GCNet: Non-local Networks Meet Squeeze-Excitation Networks and Beyond (1904.11492v1)

Abstract: The Non-Local Network (NLNet) presents a pioneering approach for capturing long-range dependencies, via aggregating query-specific global context to each query position. However, through a rigorous empirical analysis, we have found that the global contexts modeled by non-local network are almost the same for different query positions within an image. In this paper, we take advantage of this finding to create a simplified network based on a query-independent formulation, which maintains the accuracy of NLNet but with significantly less computation. We further observe that this simplified design shares similar structure with Squeeze-Excitation Network (SENet). Hence we unify them into a three-step general framework for global context modeling. Within the general framework, we design a better instantiation, called the global context (GC) block, which is lightweight and can effectively model the global context. The lightweight property allows us to apply it for multiple layers in a backbone network to construct a global context network (GCNet), which generally outperforms both simplified NLNet and SENet on major benchmarks for various recognition tasks. The code and configurations are released at https://github.com/xvjiarui/GCNet.

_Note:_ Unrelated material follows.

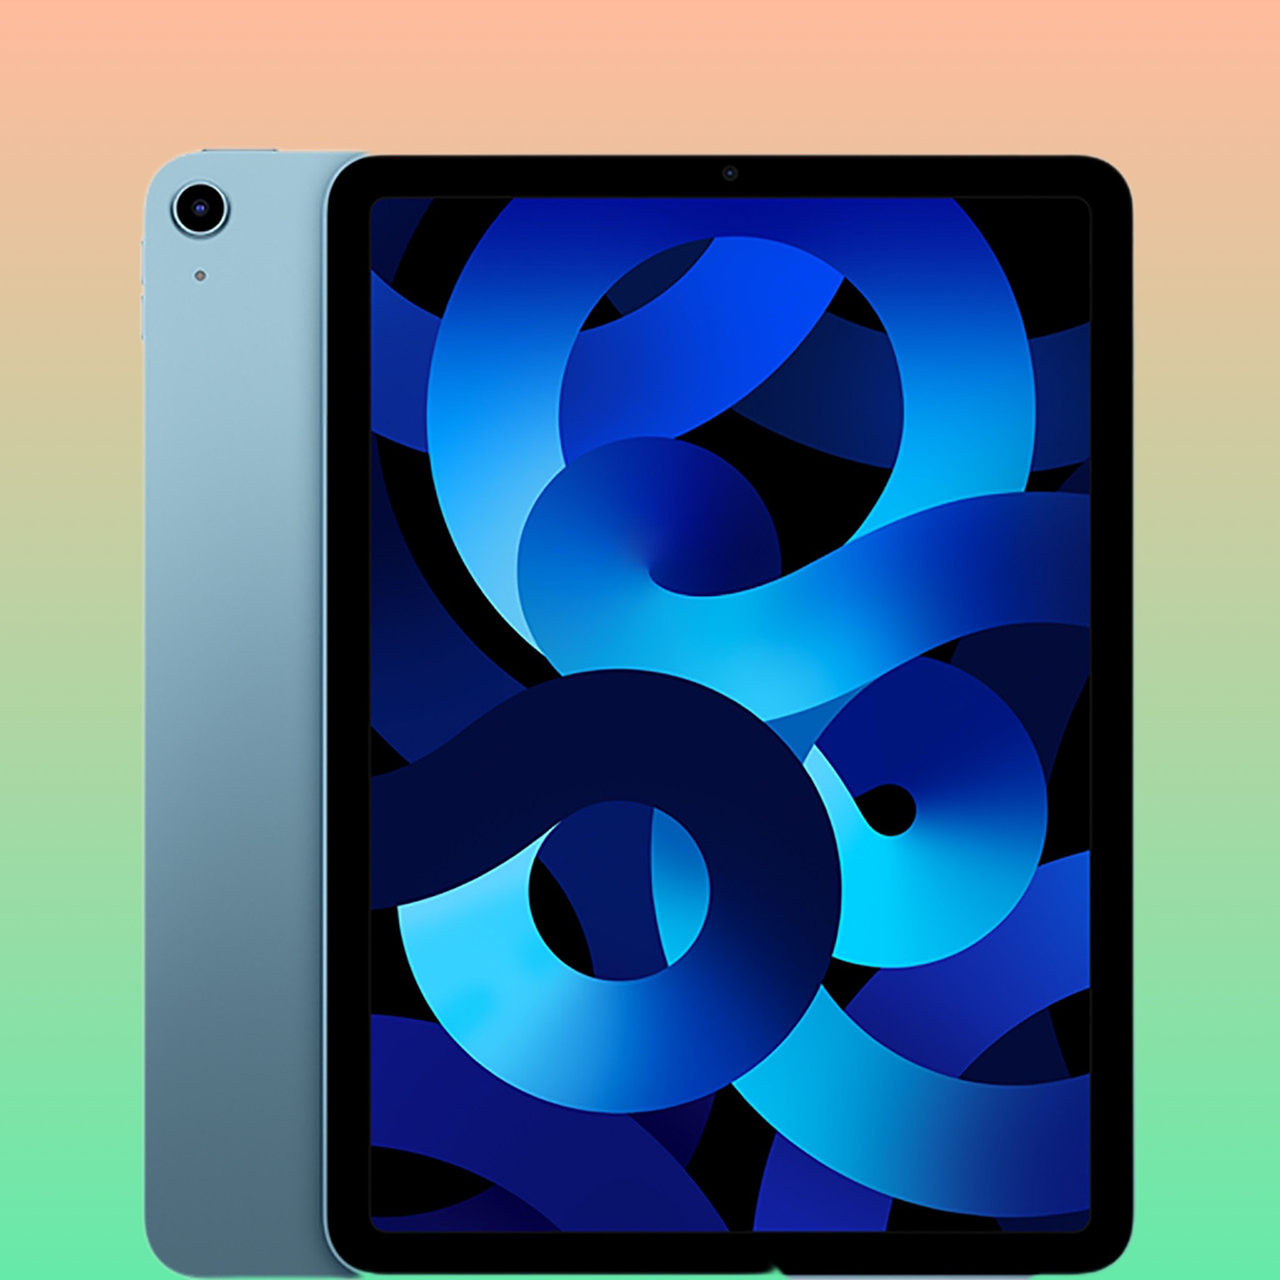 Kết hợp màu xanh dương cung cấp một giải pháp khác biệt và đẹp mắt cho người dùng đang tìm kiếm thiết bị công nghệ sang trọng. Hãy xem hình ảnh để khám phá thiết kế đẹp mắt của iPad Air

• The paper proposes a unified GC block that integrates non-local and squeeze-excitation mechanisms to capture long-range dependencies efficiently.
• It introduces a Simplified Non-Local block that reduces computational overhead while maintaining performance parity with traditional non-local networks.
• Experimental results on COCO, ImageNet, and Kinetics benchmarks highlight significant performance gains and the framework’s versatility.

GCNet: Non-local Networks Meet Squeeze-Excitation Networks and Beyond

The paper "GCNet: Non-local Networks Meet Squeeze-Excitation Networks and Beyond" presents a comprehensive paper on enhancing the efficiency and effectiveness of neural network architectures for capturing long-range dependencies in images and videos. The authors propose the Global Context Network (GCNet), which integrates the strengths of Non-Local Networks (NLNet) and Squeeze-Excitation Networks (SENet) into a unified framework for global context modeling.

Key Observations and Motivations

The NLNet has been instrumental in modeling long-range dependencies via query-specific global context aggregation. However, empirical analysis shows that the global contexts modeled are remarkably similar across different query positions within an image. This redundancy suggests that a more efficient, query-independent approach to global context modeling could be feasible without sacrificing performance. This observation forms the crux of the work, prompting the development of a simplified network that can offer the same accuracy with significantly reduced computational overhead.

Simplified Non-Local Block

The paper introduces a Simplified Non-Local (SNL) block, which models a single global attention map shared across all query positions. This approach dramatically reduces computational complexity while maintaining performance parity with the original NLNet. By comparing different blocks, it is shown that the performance of SNL blocks is on par with the NLNet but requires considerably fewer resources.

Unification and General Framework

Critical to the development in this paper is the realization that both the SNL block and the SENet block can be unified under a three-step framework for global context modeling:

1. Context Modeling: Aggregating features from all positions to form a global context.
2. Feature Transform: Capturing channel-wise interdependencies.
3. Fusion: Merging global context features with local features.

The Global Context Block

Building upon this framework, the authors propose the Global Context (GC) block, which employs global attention pooling for context modeling and a lightweight bottleneck transform for feature processing. The GC block uses addition for feature fusion, effectively improving on both the SNL and SENet designs. By incorporating layer normalization within the bottleneck transform, the GC block achieves better performance by alleviating optimization difficulties.

Experimental Validation

The paper validates the GCNet across multiple major benchmarks:

• COCO Object Detection and Segmentation: The GCNet outperforms both NLNet and SENet in terms of AP (Average Precision) metrics with a negligible increase in FLOPs.
• ImageNet Classification: The GC blocks, when integrated into ResNet-50, yield a significant improvement in top-1 and top-5 accuracy metrics.
• Kinetics Action Recognition: Applying GC blocks to Slow-only networks shows notable gains in top-1 and top-5 accuracy, underscoring the effectiveness of the GC block in video tasks.

The detailed ablation studies and comparisons of pooling and fusion strategies underline the robustness of the proposed method, reinforcing the GC block's utility in practical deep learning deployments.

Implications and Future Developments

The implications of this research are twofold. Practically, it provides a straightforward method to enhance existing architectures with minimal computational overhead, potentially impacting a range of applications from object detection to action recognition. Theoretically, the paper bridges the conceptual gap between non-local and squeeze-excitation mechanisms, offering a more unified perspective on global context modeling.

Future developments might explore further optimizations of the bottleneck transform or extend the GC block's principles to other domains and tasks. Additionally, integrating this framework with evolving architectures or in conjunction with emerging training paradigms could yield even more substantial improvements.

In conclusion, the GCNet advances the field of neural network design by offering an efficient, scalable solution for global context modeling, achieving superior performance on diverse visual recognition tasks.